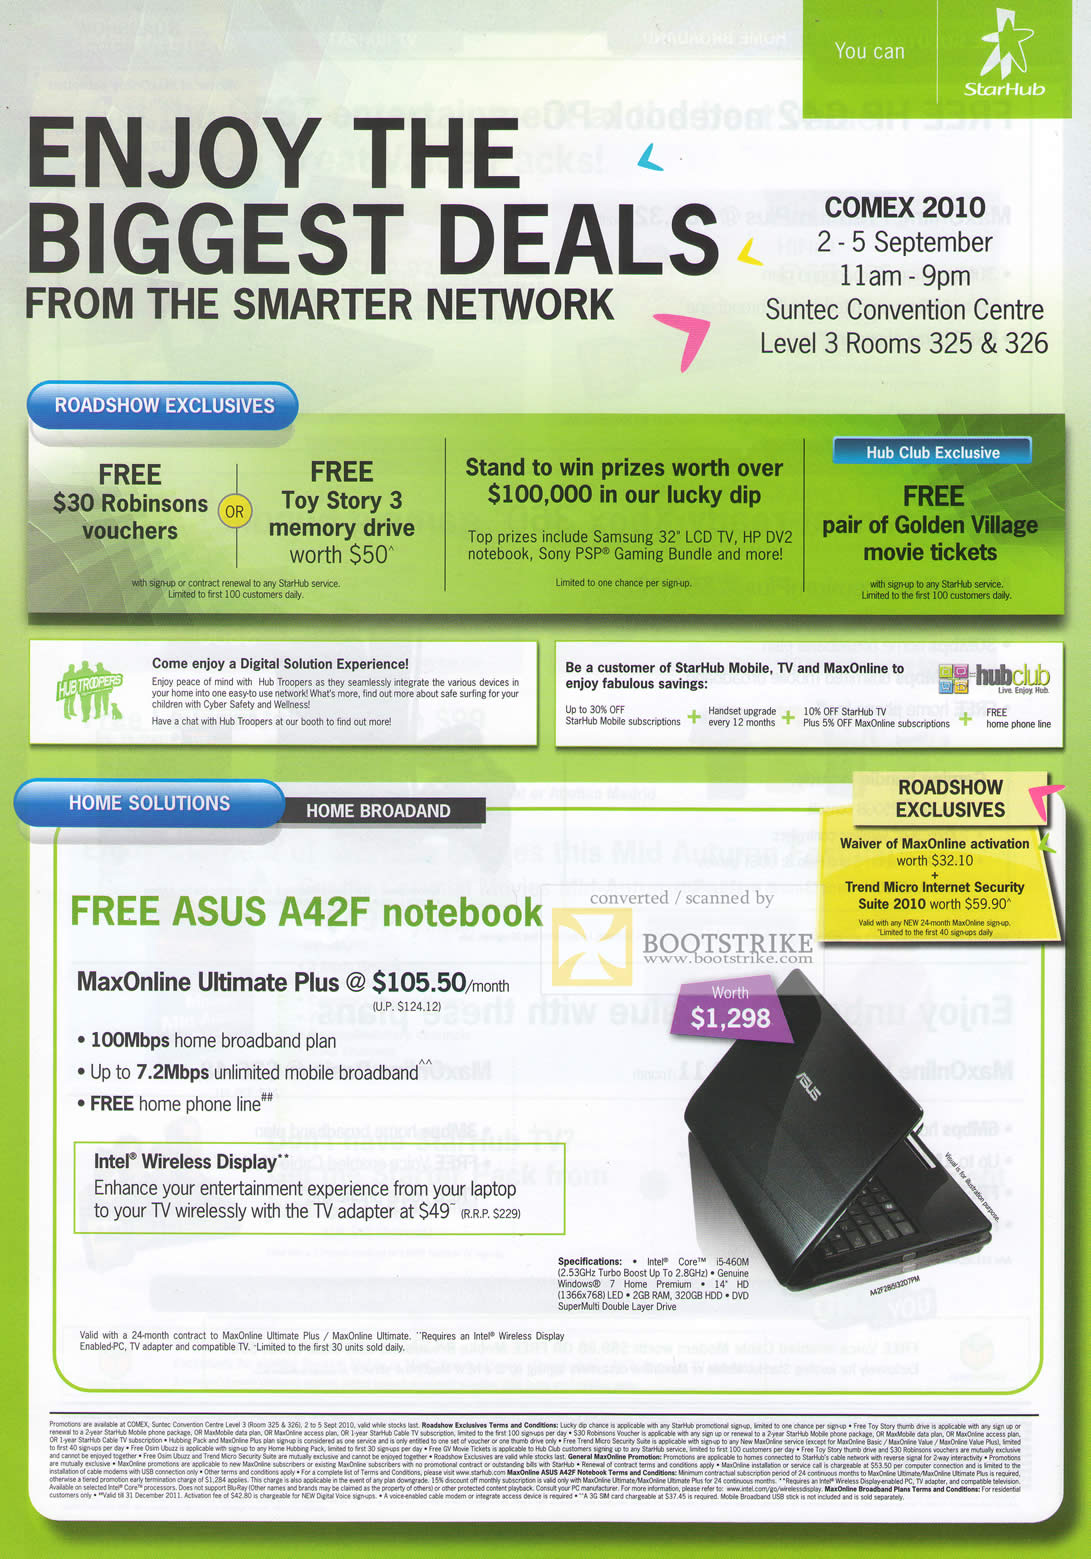 Comex 2010 price list image brochure of Starhub Roadshow Exclusives Robinsons Vouchers Toy Story 3 ASUS A42F Notebook Broadband MaxOnline Ultimate Plus
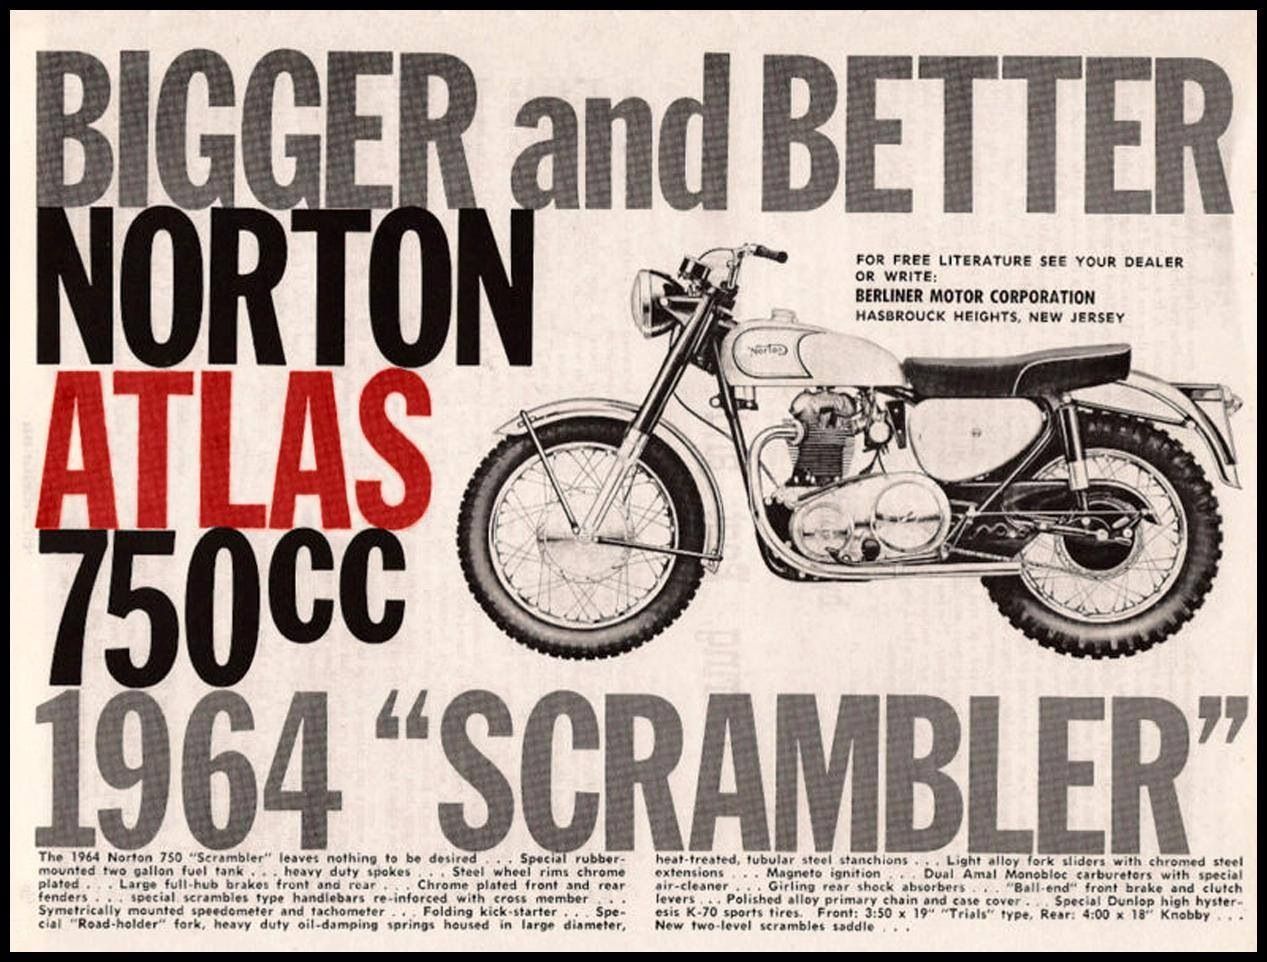 A Brief History Of The Norton P11 P11a And Ranger Everything
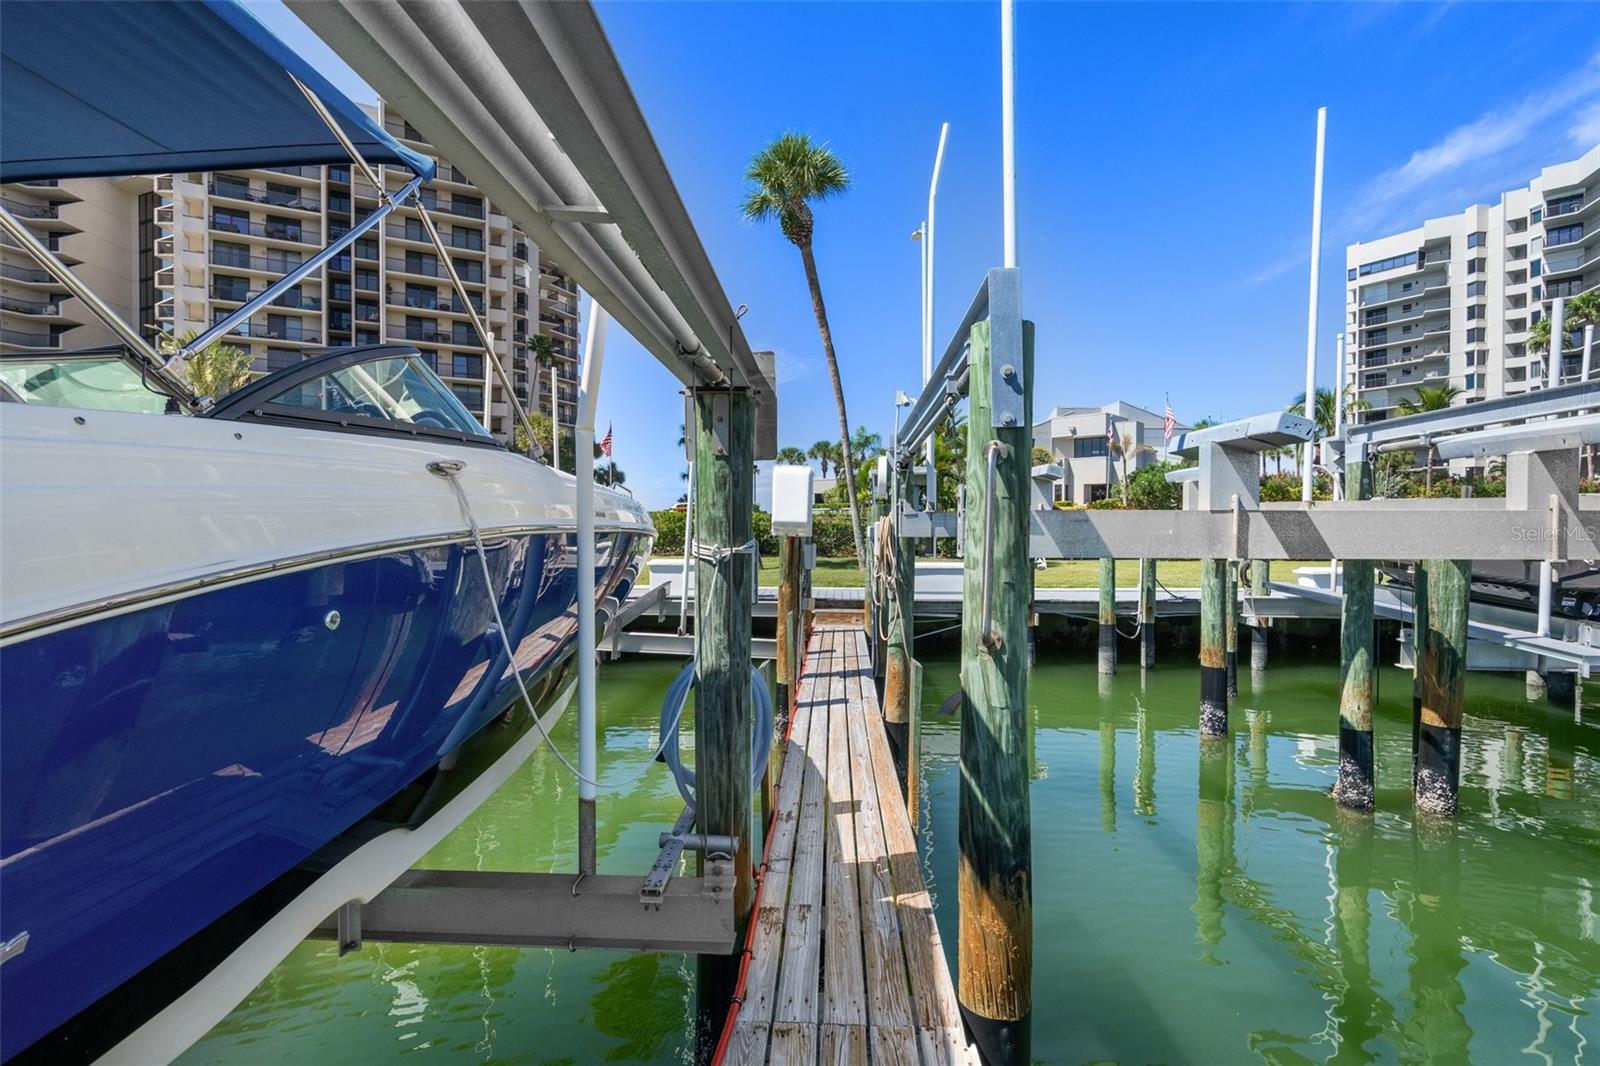 40' deeded boat slip.  Quick access to the open gulf and all the nearby islands and restaurants.

———

## Directions for this task
Output the material above verbatim but exclude each picture.

## Written solution
 Comex 2010 price list image brochure of Starhub Roadshow Exclusives Robinsons Vouchers Toy Story 3 ASUS A42F Notebook Broadband MaxOnline Ultimate Plus
 A Brief History Of The Norton P11 P11a And Ranger Everything
 40' deeded boat slip.  Quick access to the open gulf and all the nearby islands and restaurants.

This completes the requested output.